---- DATASET EXTRACT
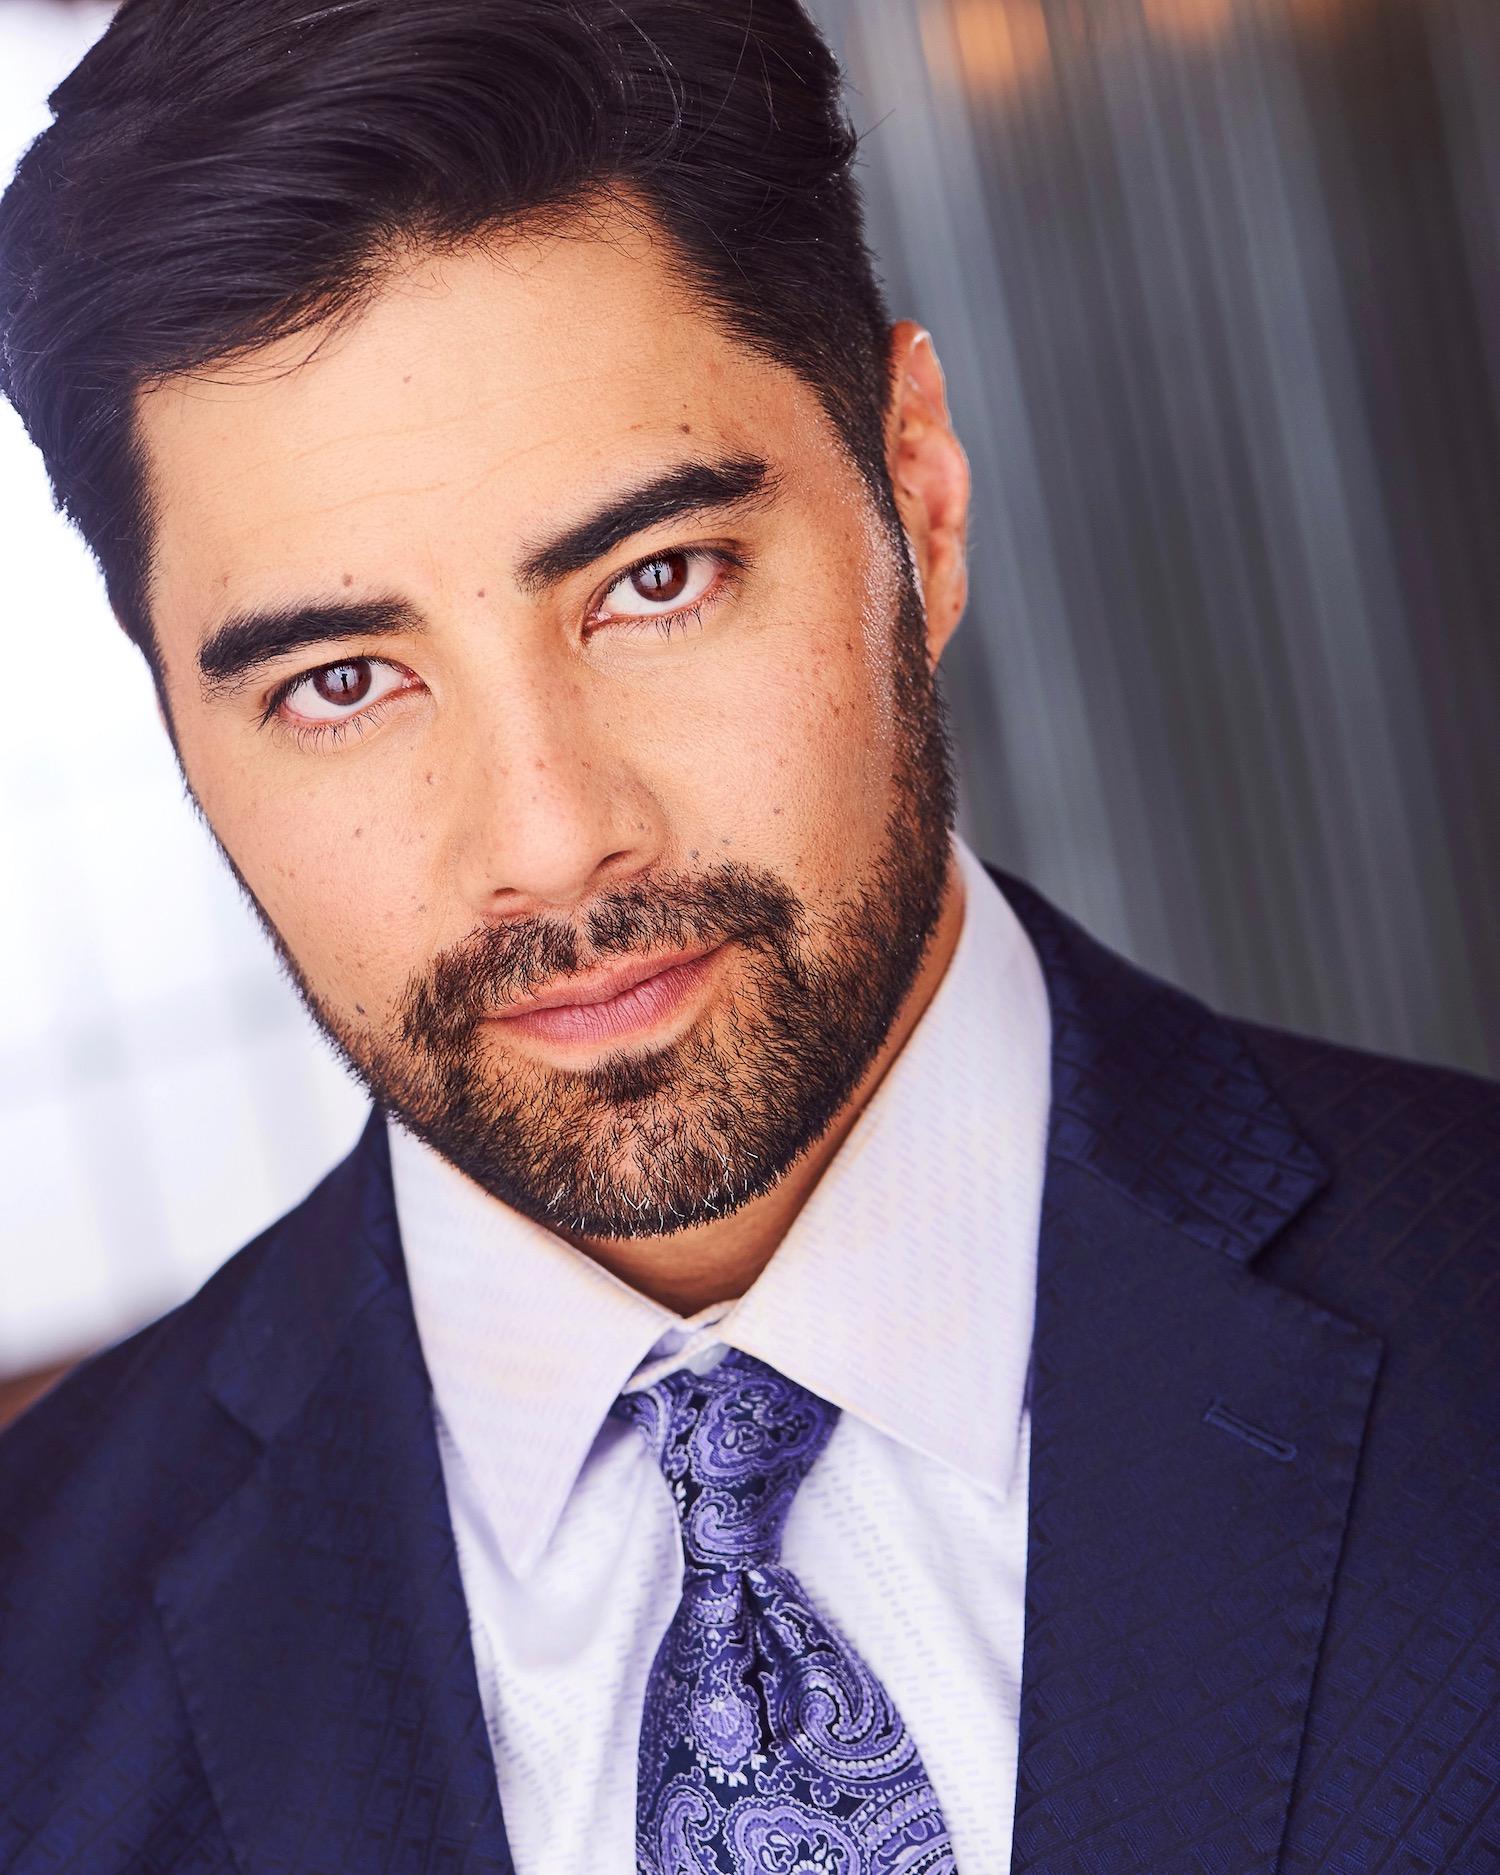 Noshir Dalal - Suit & Beard.jpg
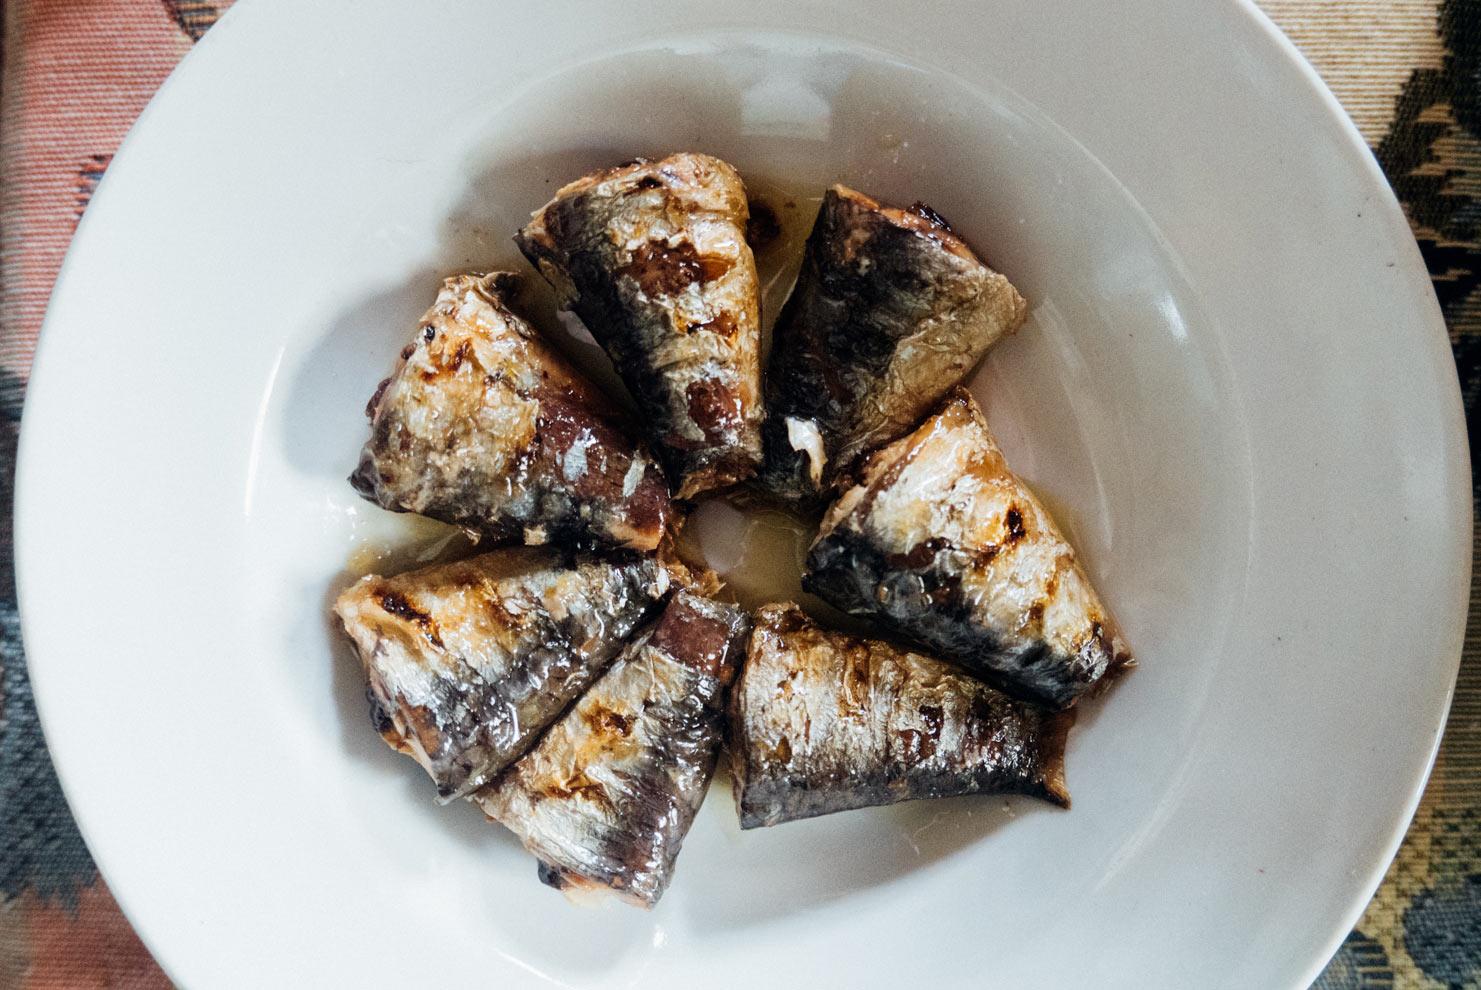 Güeyu Mar sardines
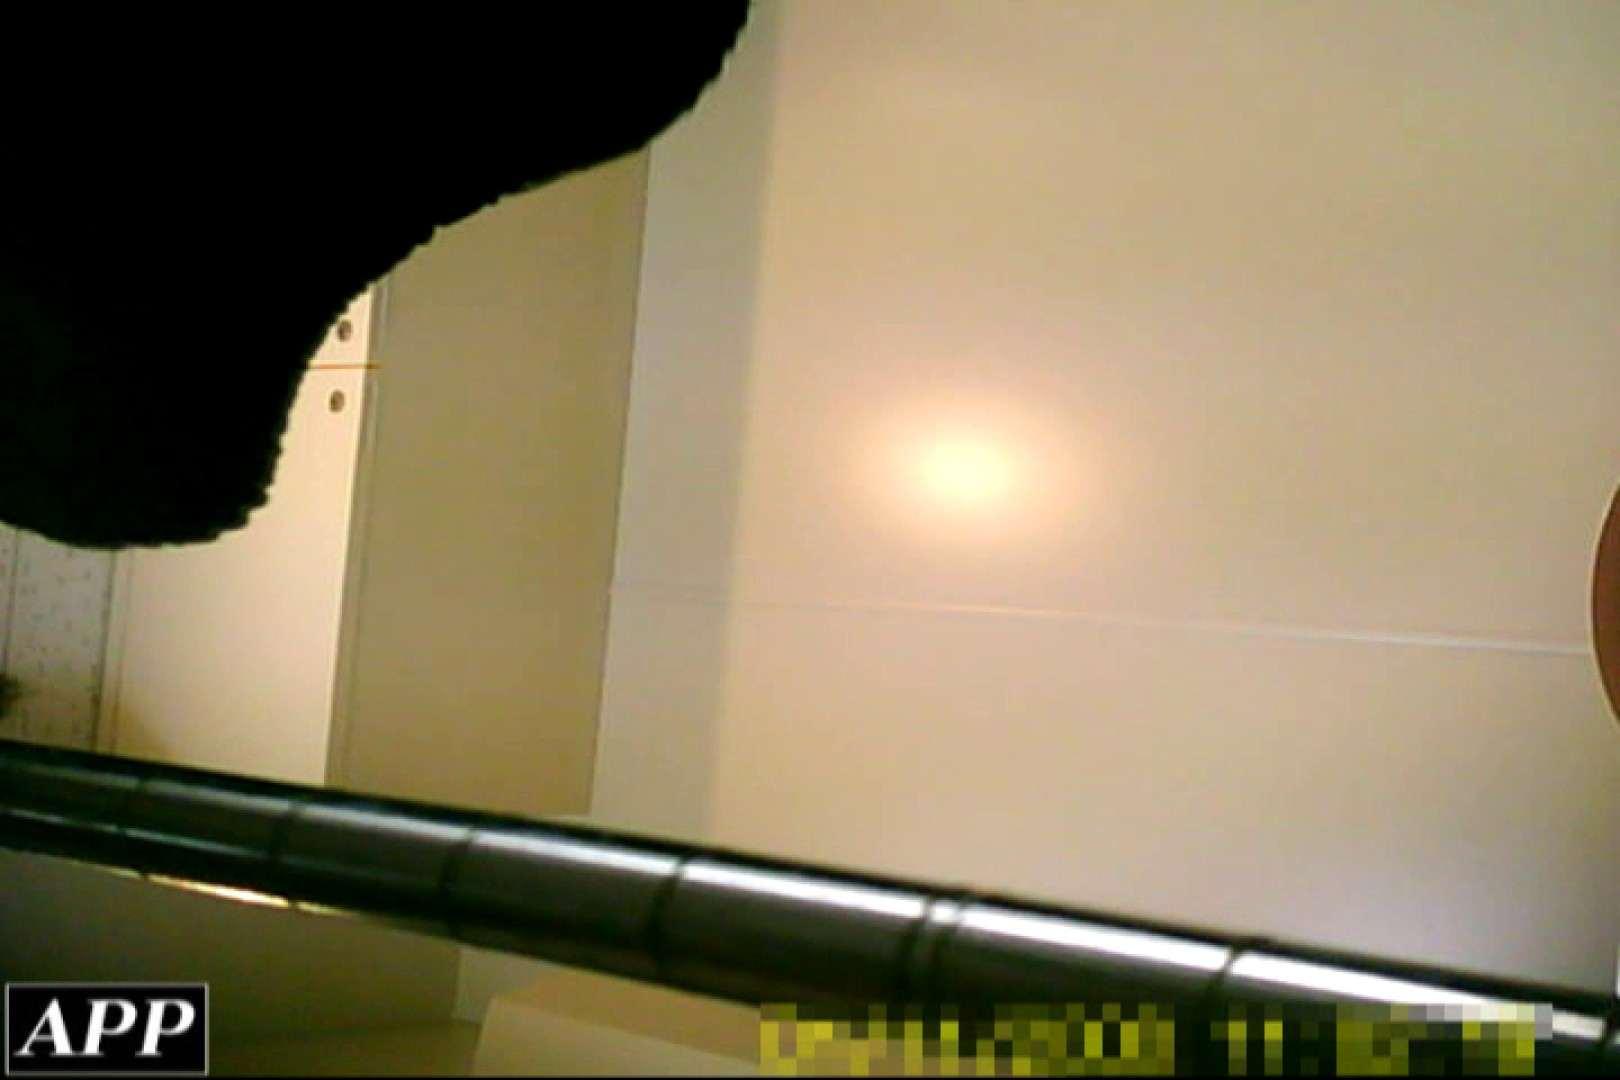 3視点洗面所 vol.029 エロティックなOL  105画像 36
--------
■ EXERCISE GOAL ■
Print each line of the listing exactly and include no pictures.

■ SOLUTION TO THE PROBLEM ■
 Noshir Dalal - Suit & Beard.jpg
 Güeyu Mar sardines
 3視点洗面所 vol.029 エロティックなOL  105画像 36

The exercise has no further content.